The second point is one I would like to make also.  My impression is very different 
from that of Dr. Erdmann:  I think that the international press has been very good 
at distinguishing between the Indonesian people and a few lunatics.  CNN excepted, 
of course.

Ed Colijn writes:

<<<As Dr. Erdmann already pointed out (and knowing the political arena in
Indonesia I agree with him) "the Indonesian military and current
transitional government couldn't give a wrasse's tail about the ICRS"
nor the opinion of international (which includes Indonesian) coral
reseachers. My conclusion is thus that if you like to hurt those
responsible for the East Timor crisis, a boycot of the ICRS is simply
NOT the way to go because you're hurting and, by doing so, blaming the
wrong people! >>

The first part is right; the second does not follow.  Indonesian politics is about 
power; we are witnessing a power struggle.  If a conference is cancelled, no one 
will talk about it (except perhaps to complain about foreigners), but if it goes 
ahead it will be raised as an example of how Indonesia has been able to retain its 
role in the world community.  Like it or not, holding a conference here helps those 
for and against reform; cancelling it hurts both parties.

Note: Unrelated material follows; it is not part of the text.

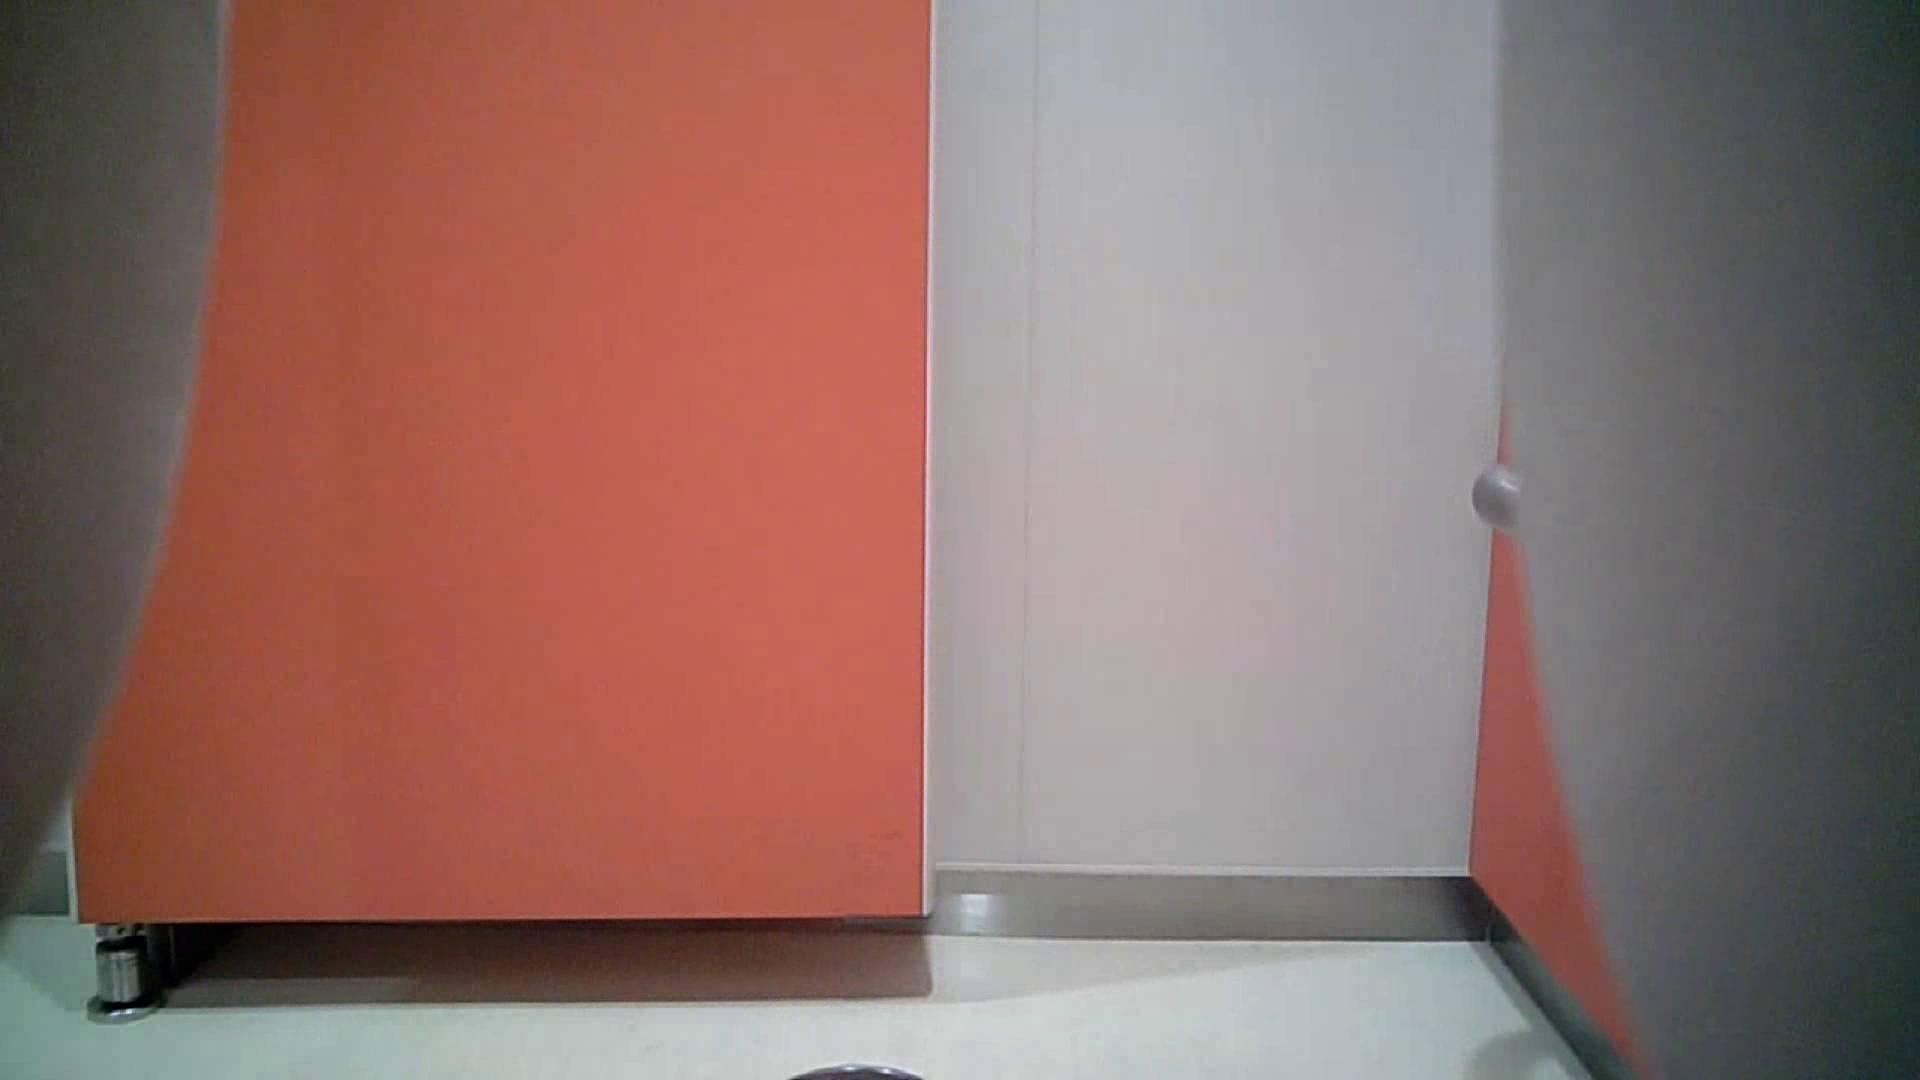 痴態洗面所 Vol.02 マスクが邪魔なんですよ。マスクが・・・。 ギャル攻め  52画像 35

<<<If you really like to see something change in Indonesia point your
arrows at your governments and tell them you don't accept any renewed
support of the military or lucrative arms deals from your national
military industries as long as human rights are not respected and the
military's involvement in the environmental destruction in Indonesia is
not stopped.>>>

Not likely to be effective.  World military aid to Indonesia was miniscule last 
year.  Anyway, these politics and power struggles are intensely domestic, and the 
participants place international attention a distant second.  Think back to the 
four students killed at Kent State years ago:  did the American military care what 
the Canadian, or Indonesian, governments said?

Bob Buddemeir writes:

<<<It is my understanding that in the negotiations for the ICRS, the Indonesian
government (which is now a previous government and will be either one or
two governments further back by late next year) agreed to issue visas to
all legitimate reef scientists -- 'as long as they aren't involved in
politics.'  It is a matter of experience that at least one prominent
reef scientist has been denied entry to the country in far more peacable
and stable times.  Just what do we think the odds are that the
Indonesian government will issue visas to all of those reef scientists
who have been calling on their own governments not to support the
Indonesian government?  Politics, indeed.  Indonesia has treated visas
as it has elections --a privilege to be granted as a tool of the
government rather than a right.>>>

This actually highlights a significant change in Indonesia, which many of us living 
here tend to forget about.  There really has been a difference in the way issues 
such as press freedom, elections and visas are treated.  Two years ago I would have 
agreed with the above statements, but now I think those days have passed.  I would 
not worry overly about visas any more.  Of course, if things really take a turn for 
the worse over East Timor and xenophobic nationalism surges, all bets are off ;-).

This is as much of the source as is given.